> _Data section_:
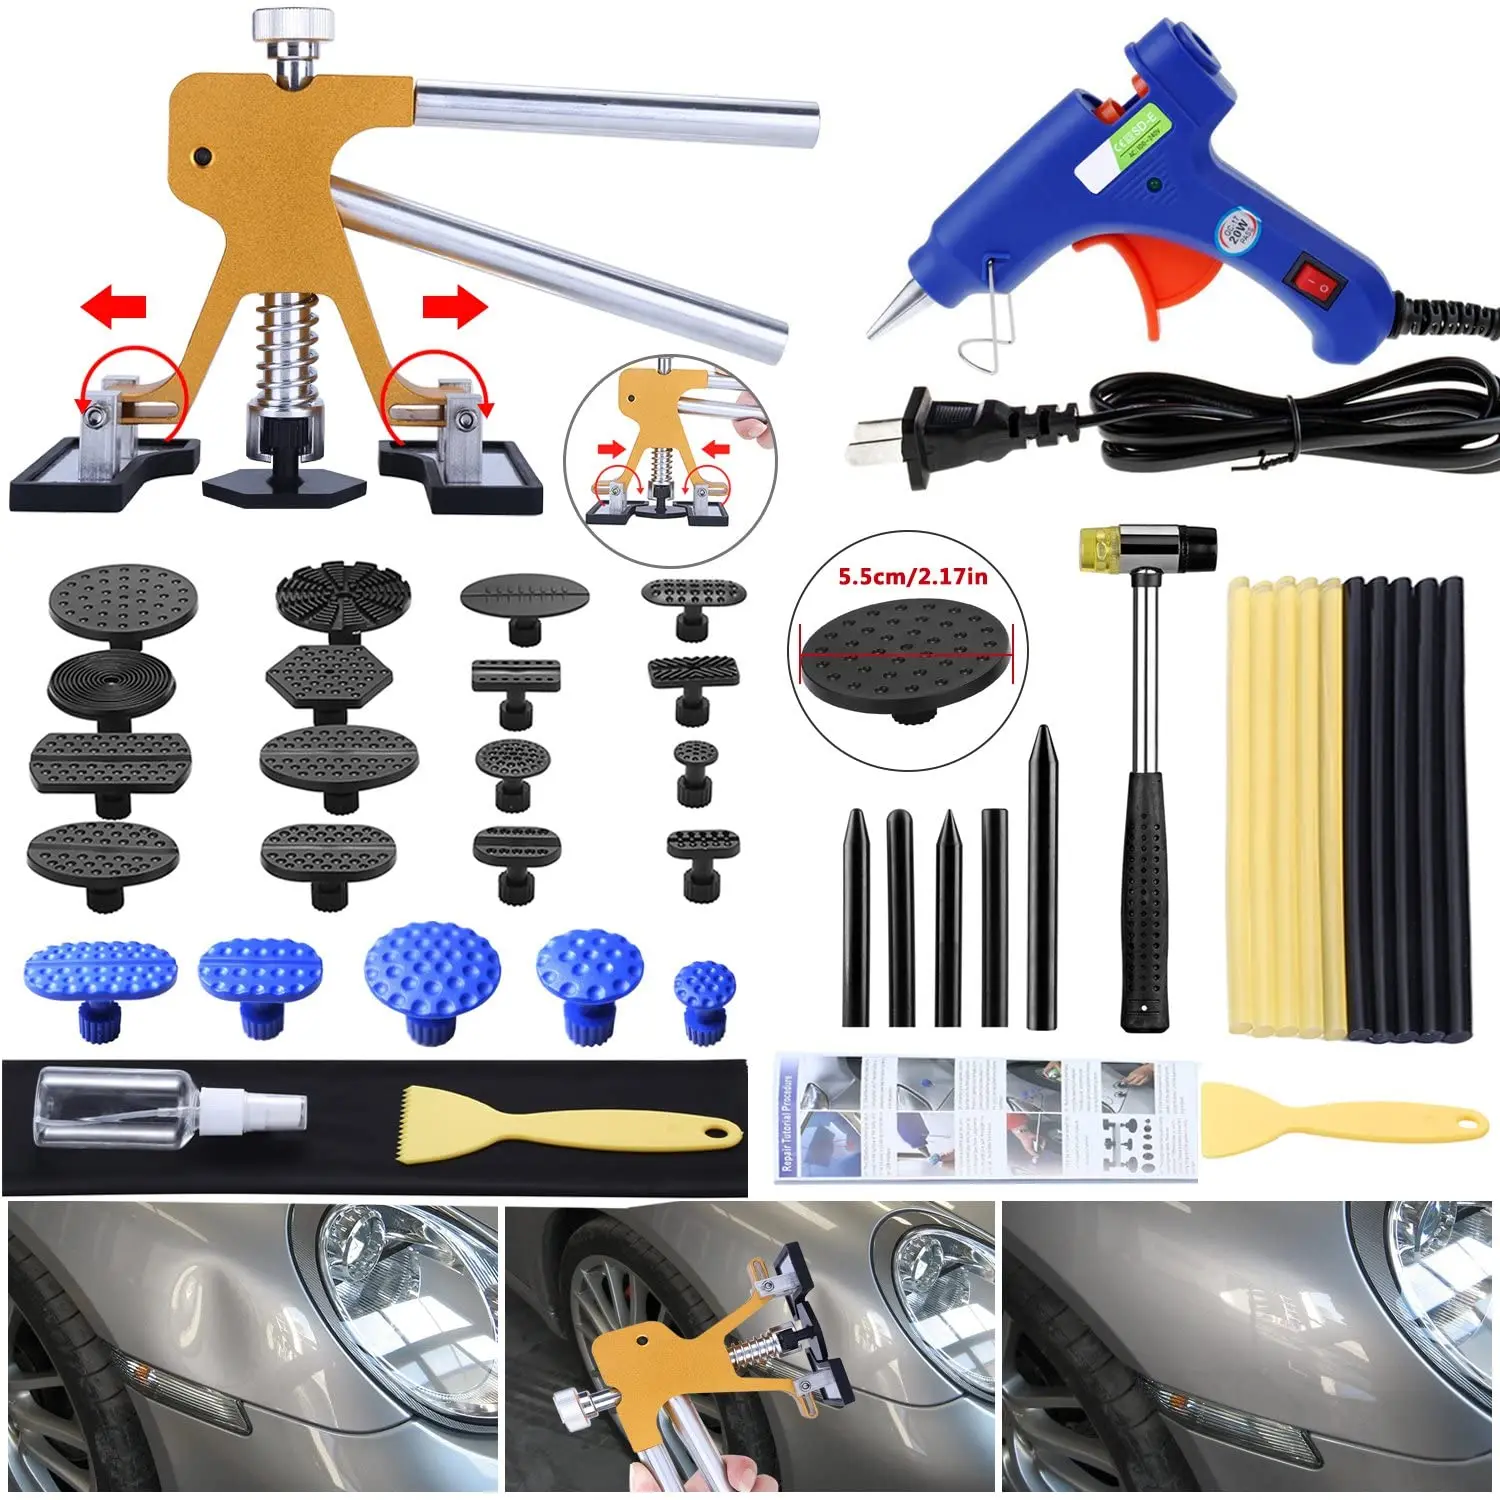 Paintless Dent Puller DIY Auto Body Dent Repair 43pcs Dent Remover Tools with Adjustable Width Dent Repair Tools for Car Golden Dent Puller Kit 
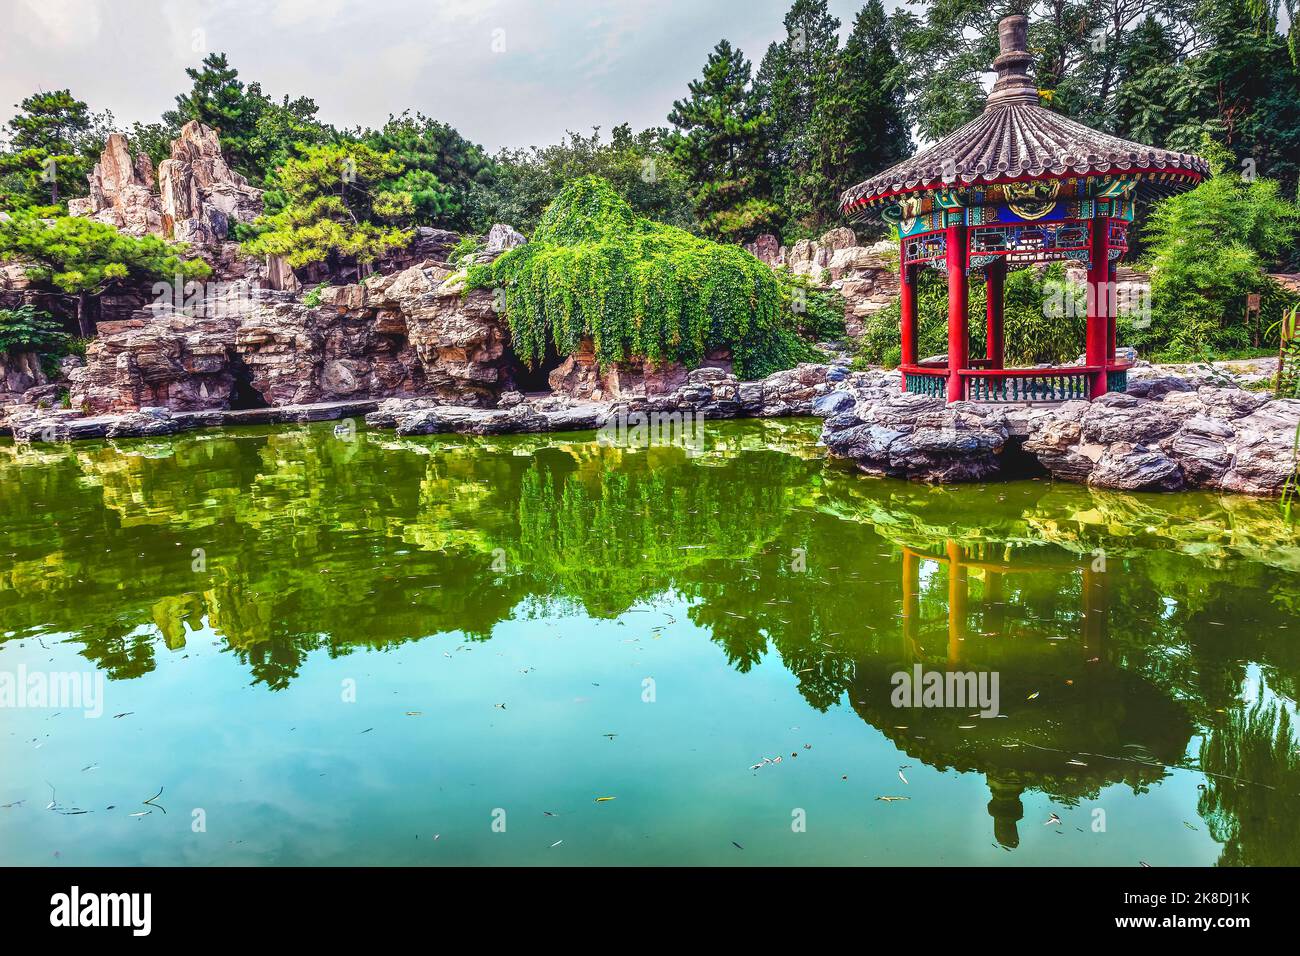 Red Pavilion Rock Garden Water Pond Reflection Temple of Sun City Park, Beijing, China Willow Green Trees Stock Photo
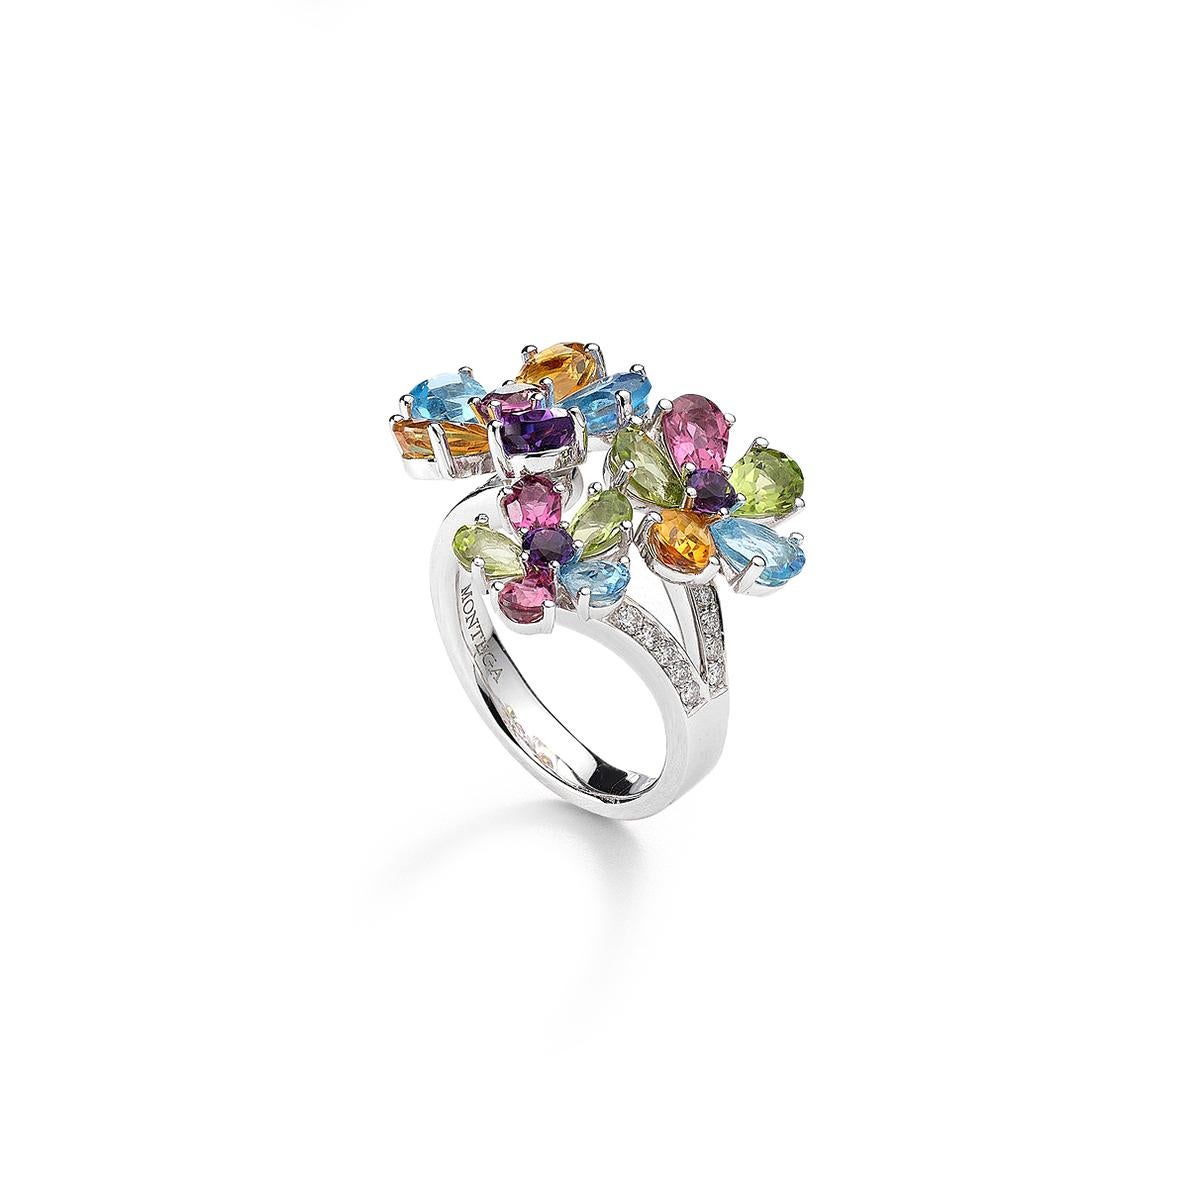 Ring in 18kt white gold set with 14 diamonds 0.19 cts, 4 blue topazes 2.48 cts 3 citrines 1.61 cts, 4 peridots 1.36 cts, 4 toumalines 1.05 cts Size 55 and 3 amethysts 0.87 cts Size 54                   

> _Your goal_:
Write out exactly the opening lines of the data, stopping after the line that holds "Red Pavilion Rock". Exclude pictures.

> _Problem solution_:
 Paintless Dent Puller DIY Auto Body Dent Repair 43pcs Dent Remover Tools with Adjustable Width Dent Repair Tools for Car Golden Dent Puller Kit 
 Red Pavilion Rock Garden Water Pond Reflection Temple of Sun City Park, Beijing, China Willow Green Trees Stock Photo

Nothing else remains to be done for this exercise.